--- Records for this exercise Enclosed Below ---

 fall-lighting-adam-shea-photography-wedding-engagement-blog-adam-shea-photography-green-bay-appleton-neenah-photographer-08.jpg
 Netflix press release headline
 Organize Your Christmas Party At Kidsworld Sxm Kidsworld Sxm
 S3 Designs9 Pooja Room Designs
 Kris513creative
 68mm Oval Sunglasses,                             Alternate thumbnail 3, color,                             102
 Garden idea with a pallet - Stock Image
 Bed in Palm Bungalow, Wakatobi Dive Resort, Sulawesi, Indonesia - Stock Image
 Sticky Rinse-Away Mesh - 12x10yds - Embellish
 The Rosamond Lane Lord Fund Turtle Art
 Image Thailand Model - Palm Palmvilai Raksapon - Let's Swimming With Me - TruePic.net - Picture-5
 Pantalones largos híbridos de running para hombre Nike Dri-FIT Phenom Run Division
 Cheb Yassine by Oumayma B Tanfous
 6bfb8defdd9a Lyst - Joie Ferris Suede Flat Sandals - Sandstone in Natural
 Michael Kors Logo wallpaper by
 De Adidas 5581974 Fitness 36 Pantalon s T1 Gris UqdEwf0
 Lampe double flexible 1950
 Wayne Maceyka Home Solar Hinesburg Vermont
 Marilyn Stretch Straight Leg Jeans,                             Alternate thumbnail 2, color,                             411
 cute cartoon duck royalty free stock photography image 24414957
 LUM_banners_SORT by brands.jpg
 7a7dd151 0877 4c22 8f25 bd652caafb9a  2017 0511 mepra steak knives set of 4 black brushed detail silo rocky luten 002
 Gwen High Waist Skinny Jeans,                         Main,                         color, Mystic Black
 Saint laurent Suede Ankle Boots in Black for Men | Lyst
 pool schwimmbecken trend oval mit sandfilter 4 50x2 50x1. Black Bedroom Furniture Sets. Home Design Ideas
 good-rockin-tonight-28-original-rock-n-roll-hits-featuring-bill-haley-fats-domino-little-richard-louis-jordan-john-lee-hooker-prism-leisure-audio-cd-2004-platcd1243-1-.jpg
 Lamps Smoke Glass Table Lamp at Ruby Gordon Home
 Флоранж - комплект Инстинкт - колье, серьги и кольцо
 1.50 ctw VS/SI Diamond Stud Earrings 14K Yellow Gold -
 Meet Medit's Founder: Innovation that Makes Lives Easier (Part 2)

--- End of Enclosed Records for this exercise ---

▶ The problem:
Count every line in the entries above where the word "Alternate" appears; respond with the number alone.

▶ Final answer:
2